Since the falling action consists of all of the events that follow the climax, the efforts of Tom to break the window are included. Tom stares at the window: "it was not possible that there wasn't a way past it." Yet, Tom feels terror creeping into his heart; he knows he must keep his emotions at bay. He tests the window with a coin, but it does not break; nor does striking the window with his shoe bring any success. Then he becomes aware that he may have to wait for Clare to return; however, reality strikes him as he recognizes that he cannot wait on a ledge for four hours; for, he would eventually fall.
Gradually, as he balances between life and death, Tom Benecke reflects upon his ambitions and his marriage experiencing an epiphany. If he were to fall all that would be found would be
....one sheet of paper bearing penciled notations--incomprehensible
Tom understands that he may very well die, and with this revelation he wishes that he "had not allowed his wife to go off by herself tonight--and on similar nights."
Tom, then, vows to not cling onto the ledge until he falls; he must break through the glass.

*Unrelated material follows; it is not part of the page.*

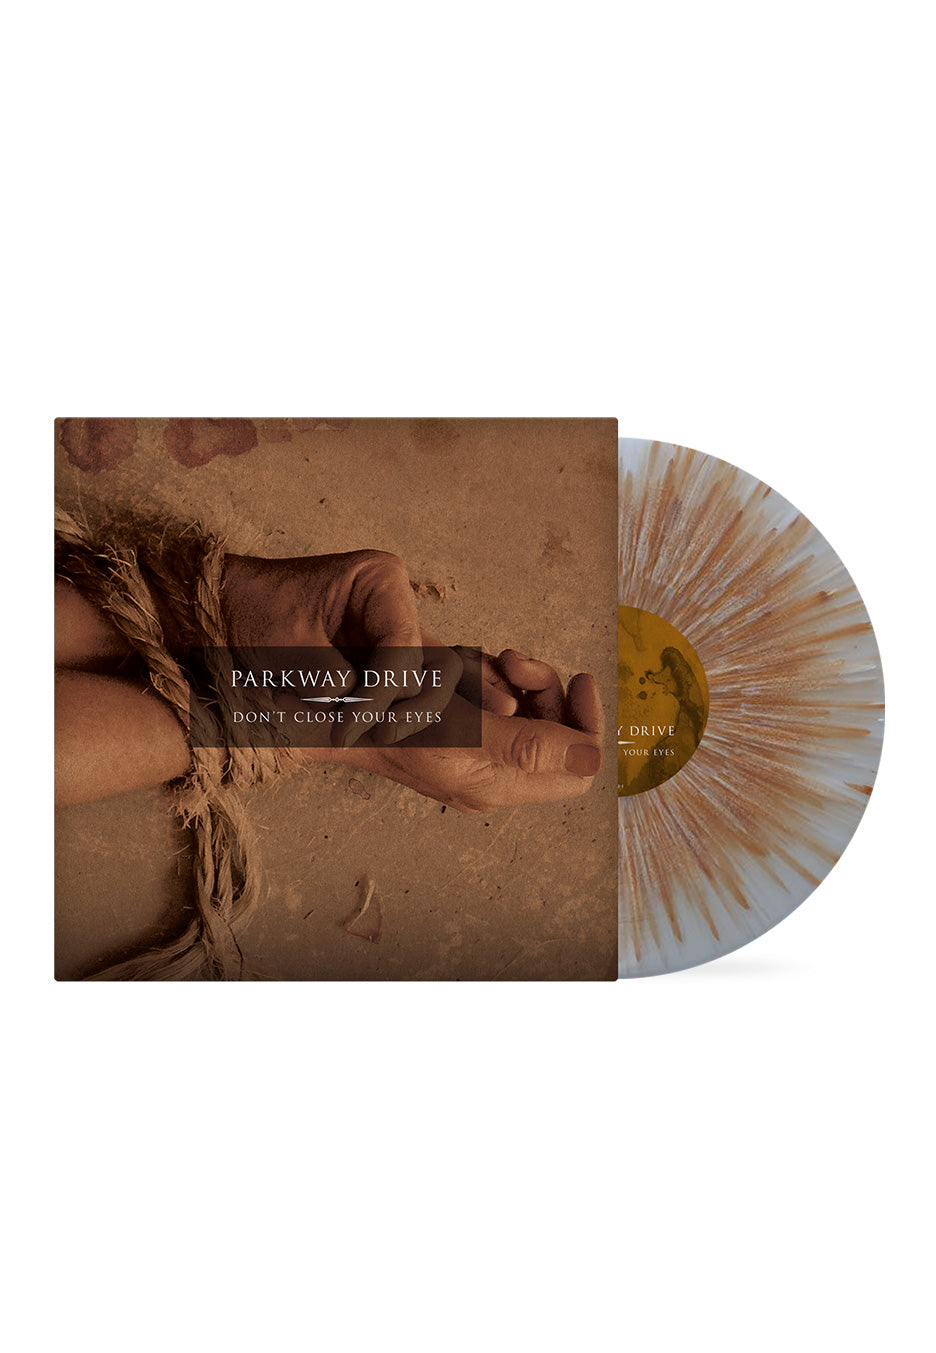 Parkway Drive - Don't Close Your Eyes Clear w/ White & Brown - Splattered Vinyl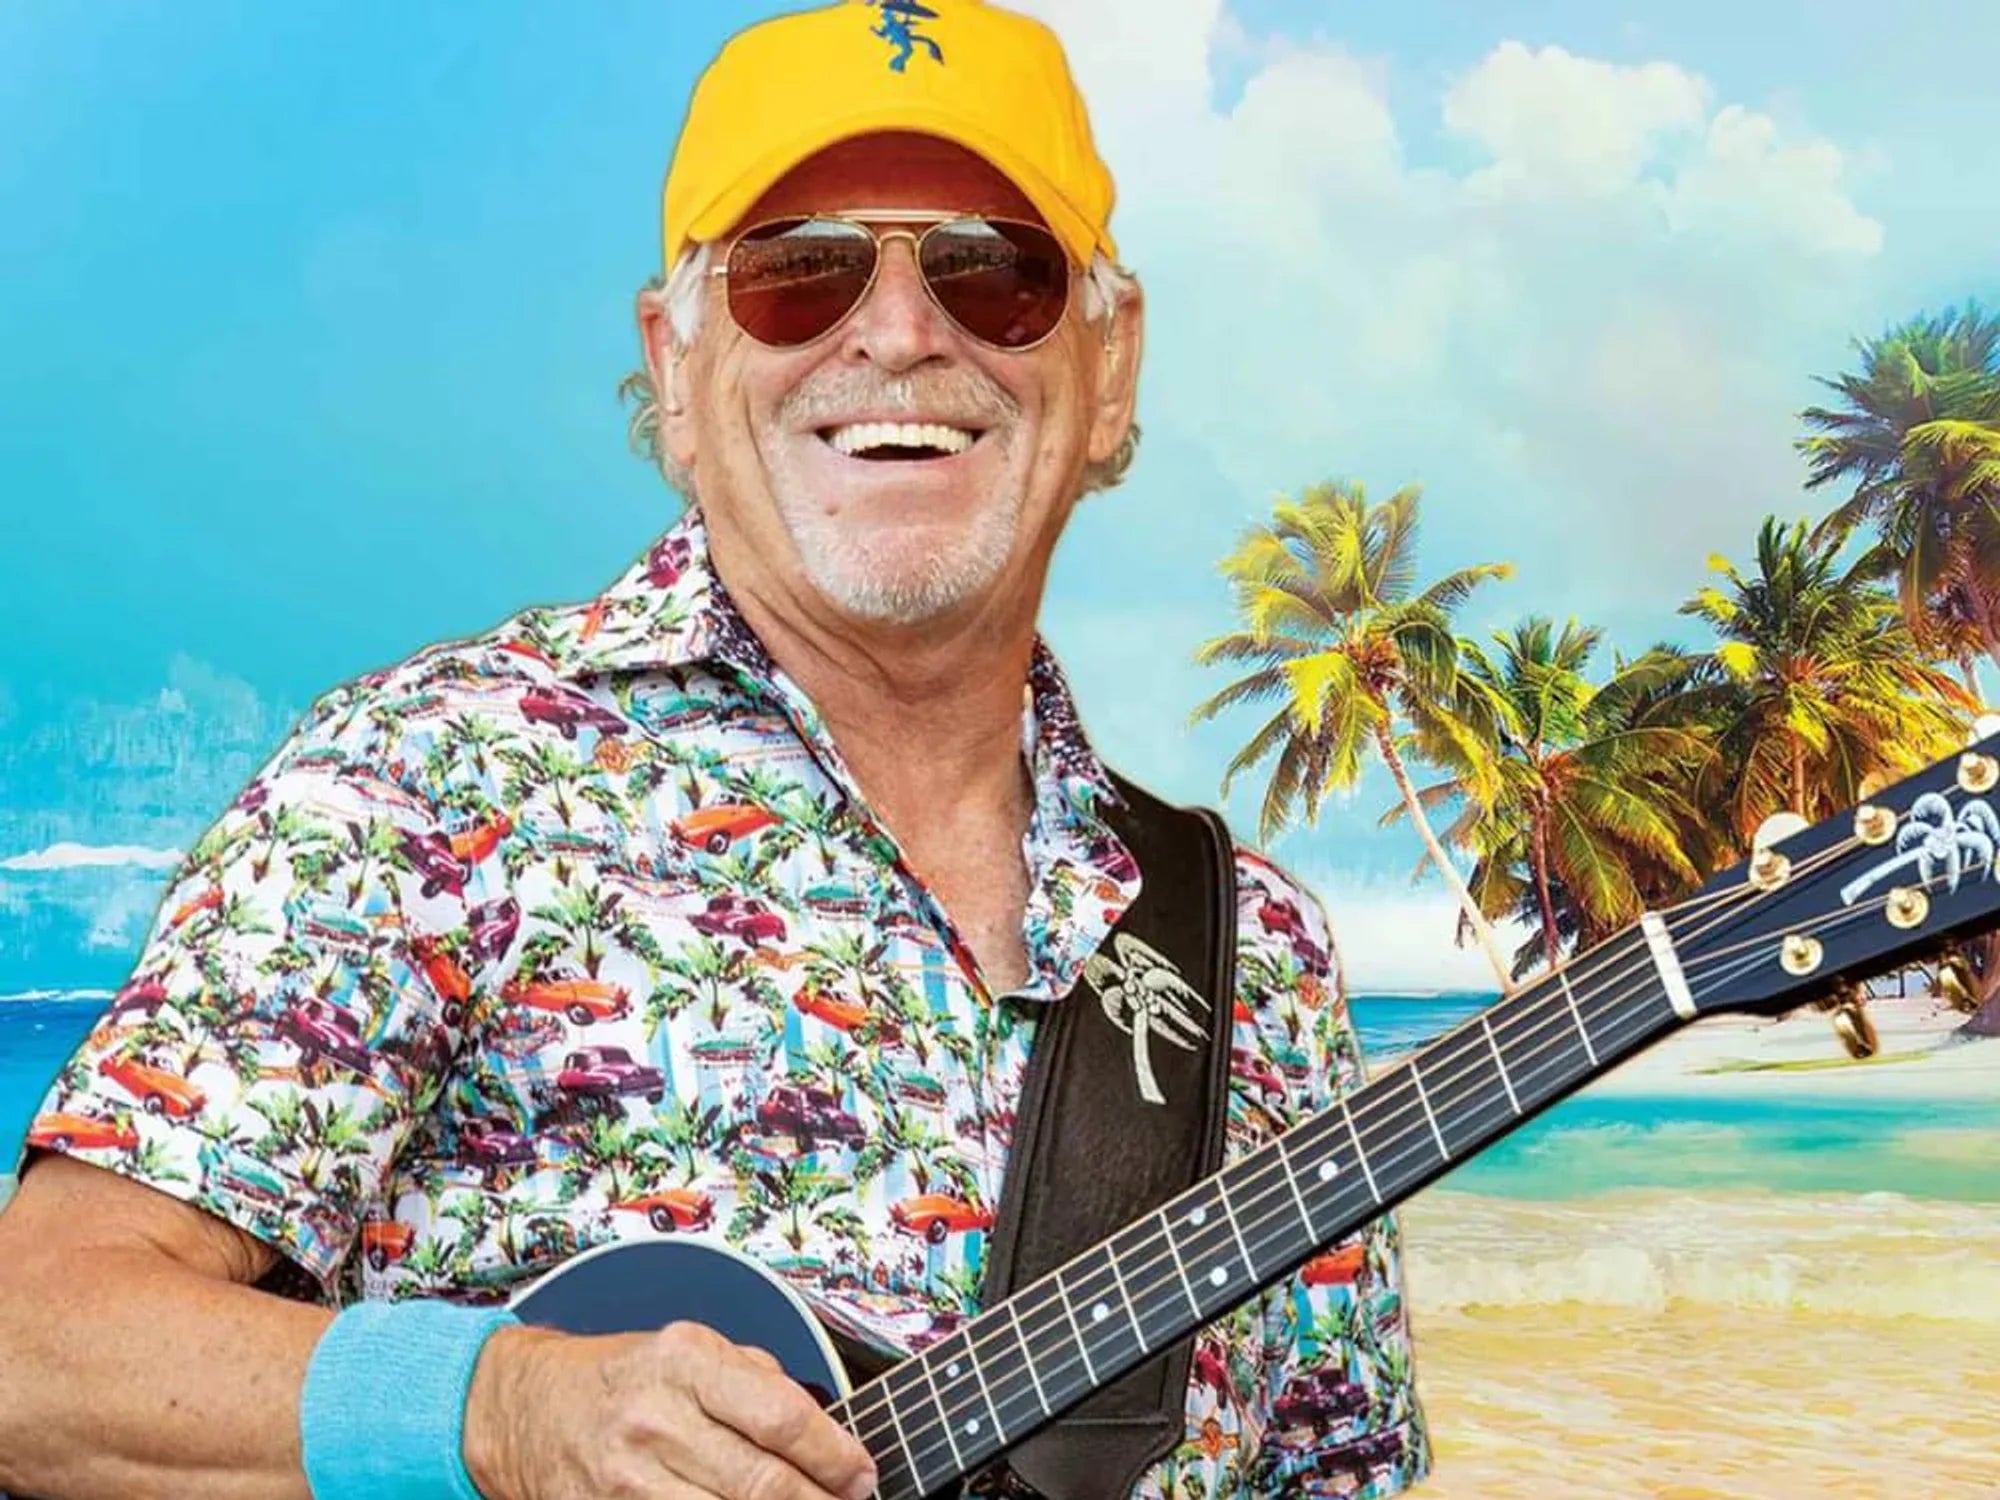 Sad Farewell to the Beloved Jimmy Buffet - He Will Be Greatly Missed

Tom devises his plan to break the glass; envisioning his fist going through the glass of the window. Finally, he knows he must break through the pane and the time has come to try. With all his power, he breaks the glass, and climbs into his home, "grinning in triumph."
While he does not lie down on the carpet as he planned, he instead grabs his topcoat and hat so that he can go out and join his wife at the cinema. But, as he starts out the door, the yellow sheet flies through the open window. This time Tom just laughs and closes the door behind him.